The template owns execution shape. The recipe owns saved metadata, defaults, imports, mailbox, and artifacts. JSON is the canonical precise recipe format; Markdown recipes use frontmatter plus fenced template/json recipe blocks for literate authoring and compile into the same model. The run actor owns detached lifecycle, state, messages, cancellation, and inspection. File-backed async recipes also provide child pi -p actors with a bounded JSONL recipe context bundle by default, including raw entry/import recipe records and a "you_are_here": true marker for the recipe node that launched the child. Set "actor_context": false or "off" in a recipe to suppress that context for minimal prompts.
Packaged recipes live under recipes/ and helper scripts live under scripts/.
The library includes:
- Sub-agent launchers;
- Review, critic, planner, verifier, merger, judge, normalizer, and artifact atoms;
- Quorum and lens-style pipelines;
- Repo-health, release-summary, research-synthesis, development-tasking, docs-maintenance, and room-swarm pipelines;
- Coordinator-locker and actor-message utilities;
- Local music-player actor recipe.
Packaged recipes are building blocks. Copy them into ~/.pi/agent/recipes/ or register tools that point at them when they should become durable operator-facing capabilities.

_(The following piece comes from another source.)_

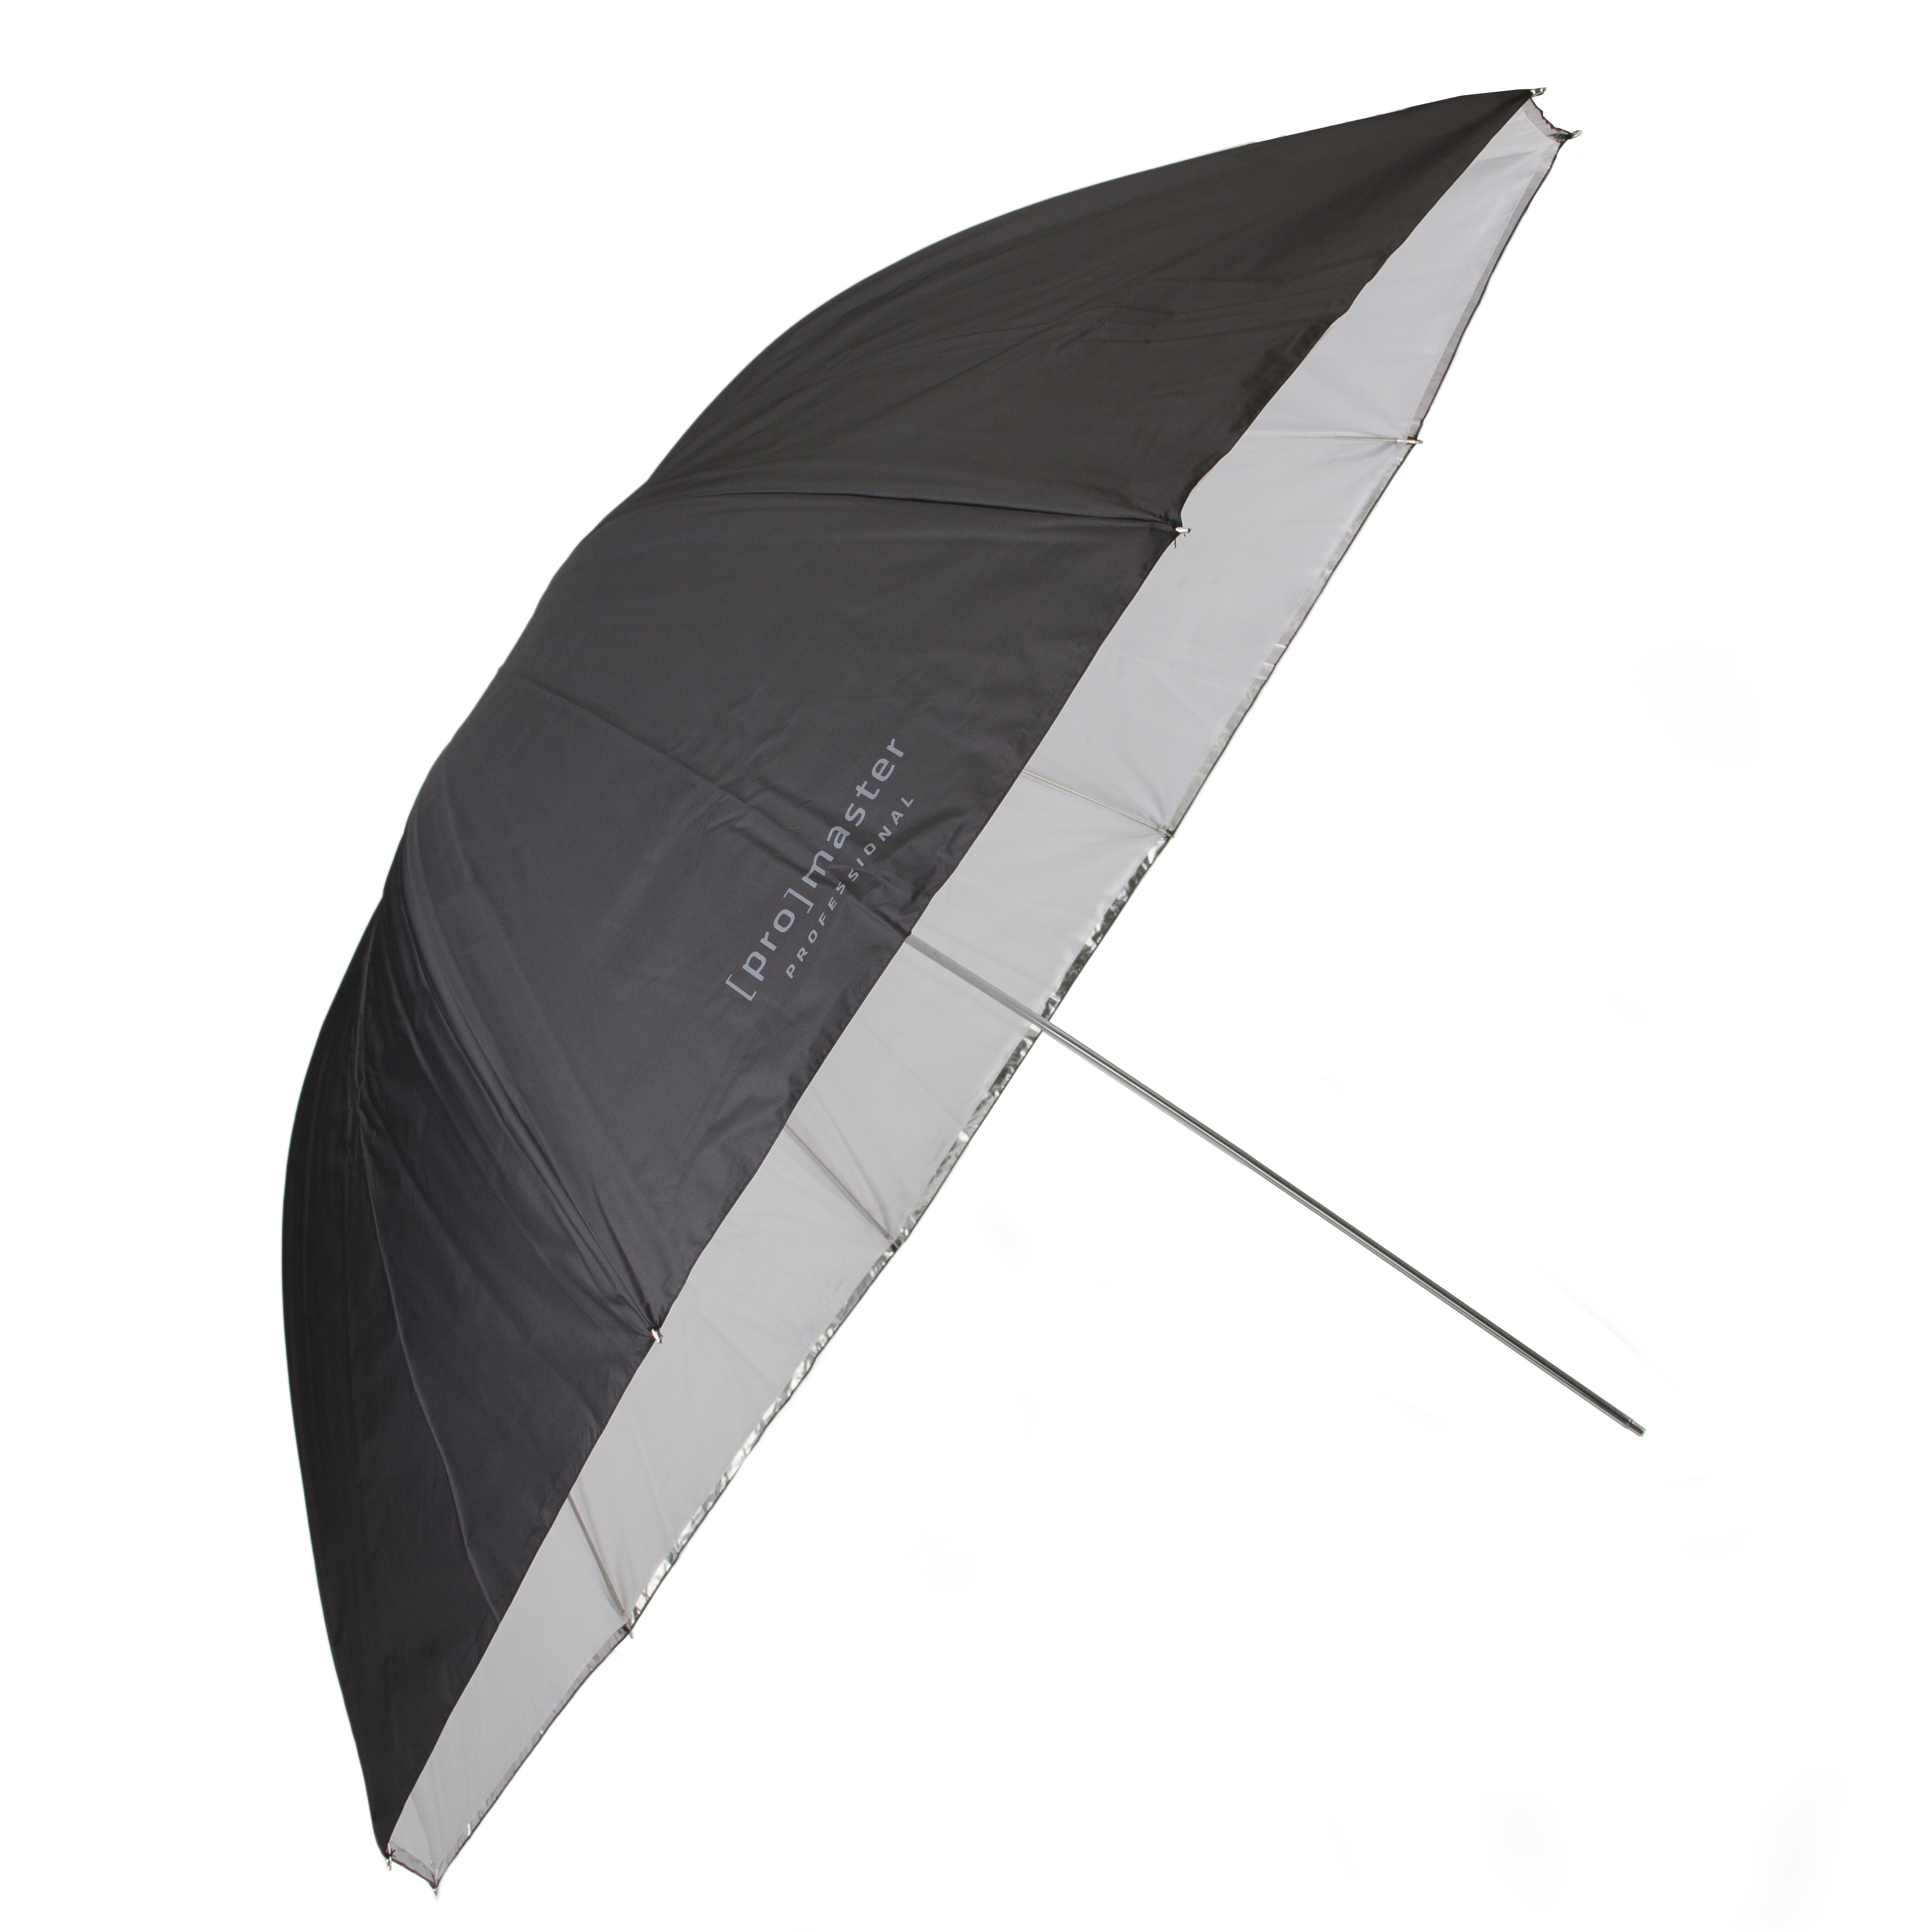 Promaster 9272 60" Convertible Professional Umbrella (Silver/Black, White)

Use a foreground registered tool when the work is short, bounded, and does not need lifecycle.
Use an async recipe or spawn when the work is long-running, service-like, parallel, agentic, artifact-producing, or needs later control. When a directly spawned inline/ad hoc actor or a recipe outside the user recipe root completes successfully, pi-actors sends the launching agent a follow-up note to offer saving that pattern as a durable recipe/tool under ~/.pi/agent/recipes; the agent should ask first and never auto-save.
Use room:<run> when multiple actors in the same run need shared context, roster discovery, or group-visible progress.
Use artifacts when outputs should survive context compression.
Use mailbox declarations when an actor has a stable conversational surface.
Core actor state, inspection, foreground tools, and basic async runs are portable Node.js behavior. Run-local messaging and stop/kill use a platform adapter under the same message API: Unix-compatible recipes can use their existing local control endpoint, while native Windows recipes can expose a Windows-native endpoint in run state. Some packaged scripts still depend on Unix tools and are WSL/Linux/macOS-only until migrated; their public recipe surface should stay spawn / message / inspect either way.
| Surface | Linux/macOS/WSL | Native Windows |
|---|---|---|
| Foreground tools, recipe discovery, inspect | Supported | Supported |
| Async runs and file-backed state | Supported | Supported |
| Mailbox-only actors and worker recipe | Supported | Supported |
| FIFO control endpoints | Supported | Not supported; use mailbox or named pipe |
| Named-pipe control endpoints | Not needed | Supported when recipe exposes one |
| Process cancel/kill | Process group signal with pid fallback | Windows process-tree adapter |
Packaged recipes should prefer mailbox/wake behavior for portable control. Recipes that require FIFO, Unix shell tools, or platform-specific media backends should make that limitation visible in docs or diagnostics before launch.
pi-actors is local-first, not sandbox-first.
Commands execute directly without shell evaluation where possible, but trusted executables still run with the same system permissions as Pi. Only register commands, scripts, recipes, and paths you trust.
High-risk templates such as shells, interpreter eval modes, and broad filesystem mutation may surface warnings, but the runtime is not a security boundary.
Prefer:
- Narrow commands;
- Explicit paths;
- Typed args;
- Bounded timeouts for bounded work;
- Explicit tool allowlists for sub-agents;
- Deterministic utility recipes for filesystem writes;
- Human approval for destructive or external side effects.
pi-actors is NOT:
- A generic workflow DSL;
- A remote agent interoperability protocol;
- A heavyweight broker or chat subsystem;
- A sandbox;
- A facade that hides logs, artifacts, ownership, or local side effects;
- A polling-first async runner.
Its job is narrower: make trusted local capabilities addressable, messageable, inspectable, and reusable by agents.